Without the images, reproduce each line of the material exactly.

• _DATA BLOCK_:
┌────────

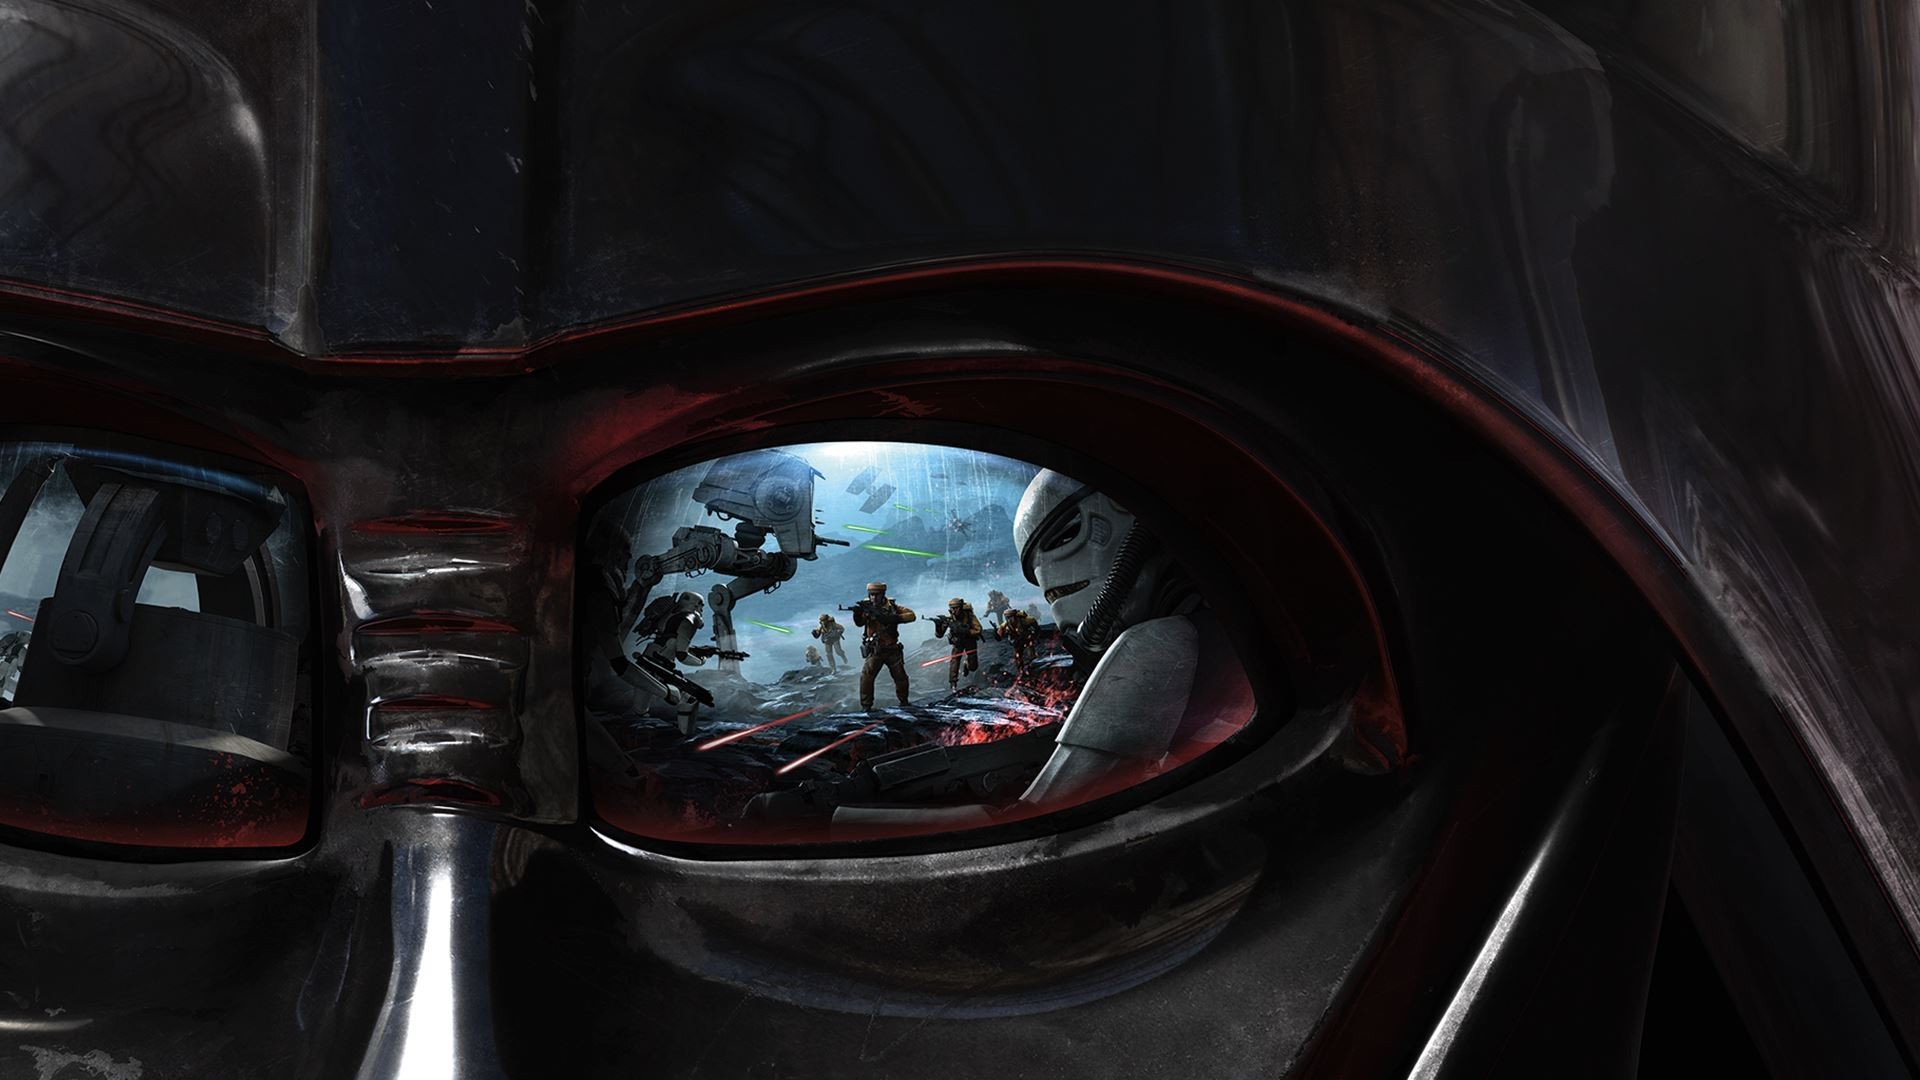 General Star Wars Darth Vader artwork concept art science fiction reflection closeup Star Wars
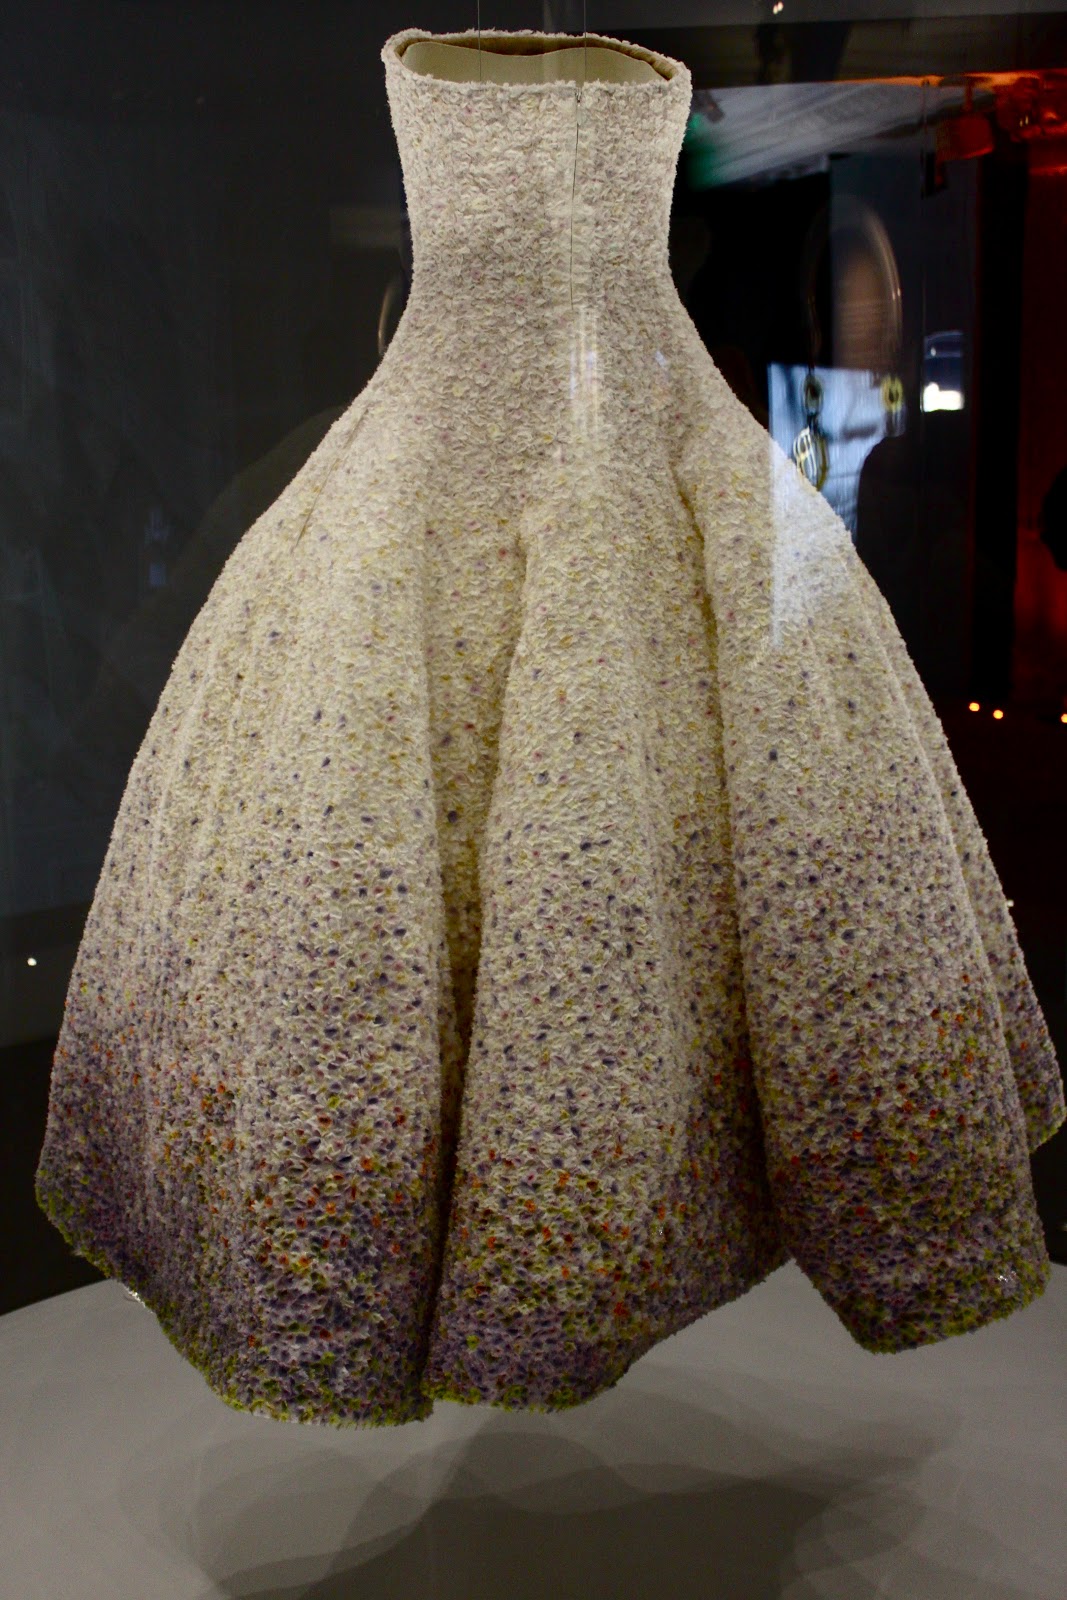 The Audrey-Grace Diaries: J'adore Dior (Exhibits)
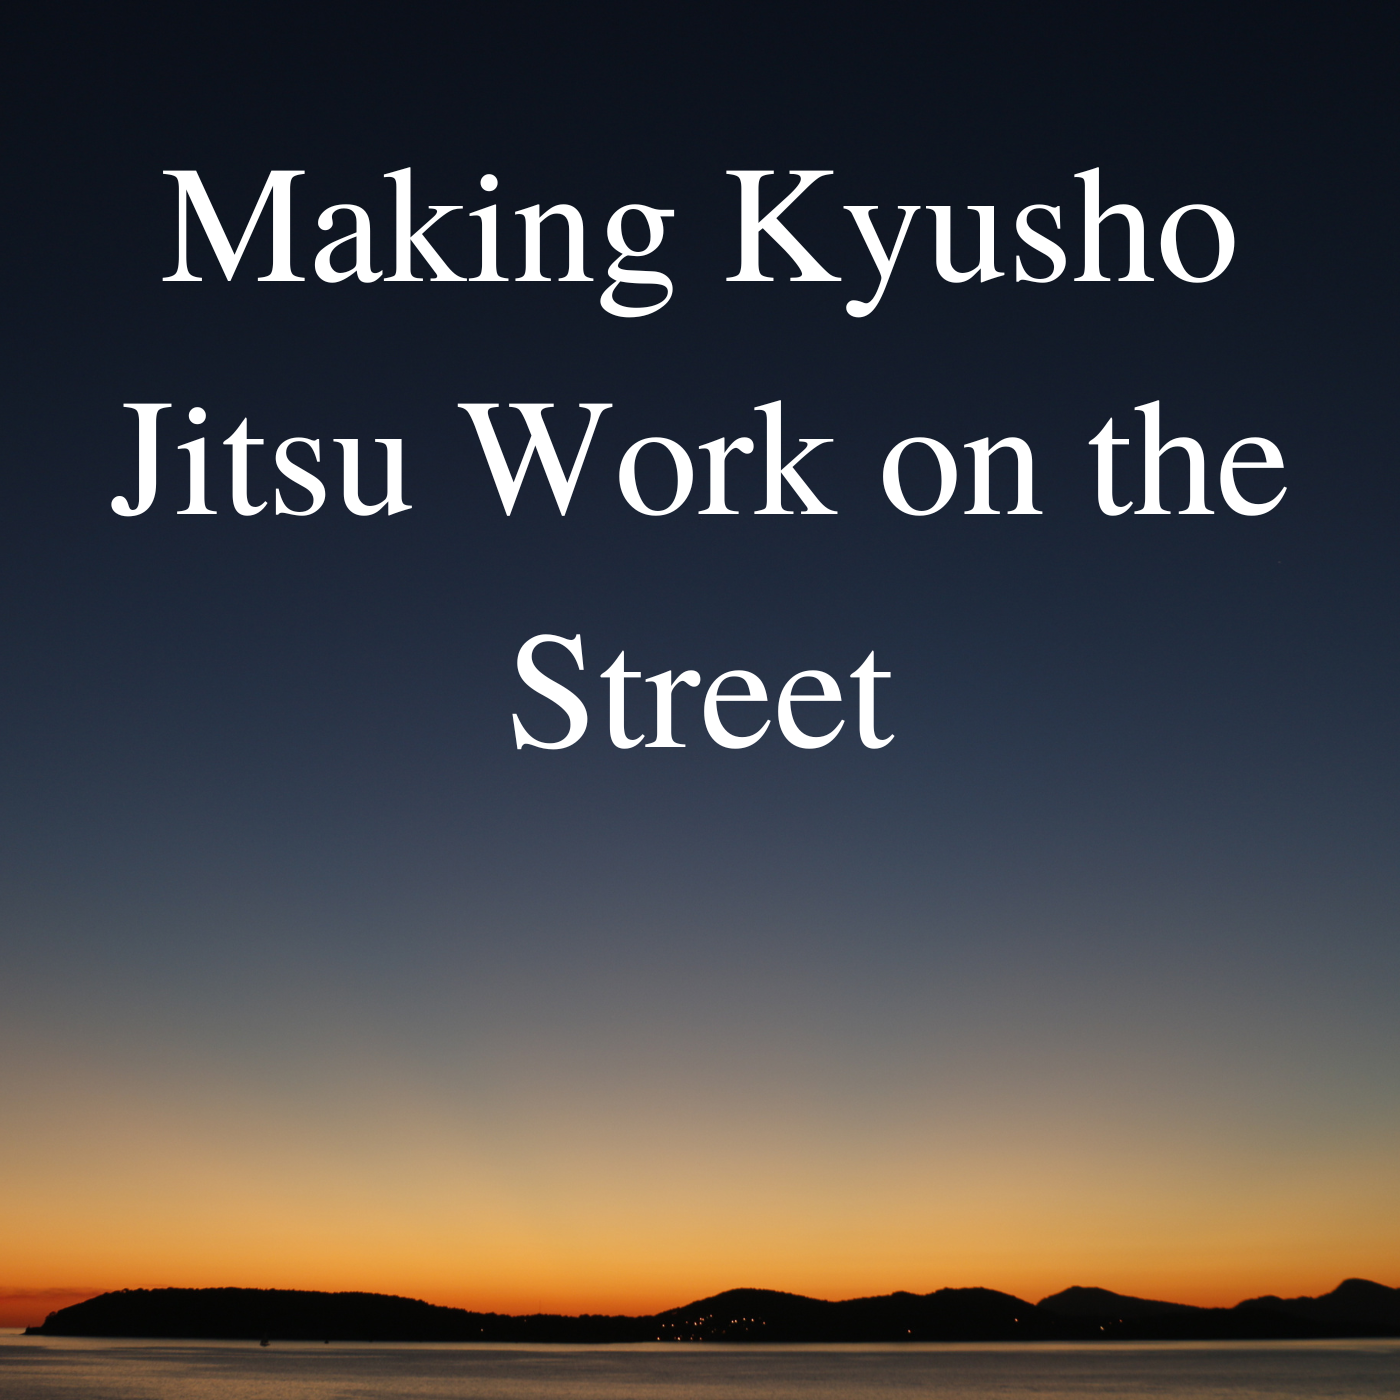 * Making Kyusho Jitsu Work on the Street

└────────

• _ANSWER TO THE PROBLEM_:
 General Star Wars Darth Vader artwork concept art science fiction reflection closeup Star Wars
 The Audrey-Grace Diaries: J'adore Dior (Exhibits)
 * Making Kyusho Jitsu Work on the Street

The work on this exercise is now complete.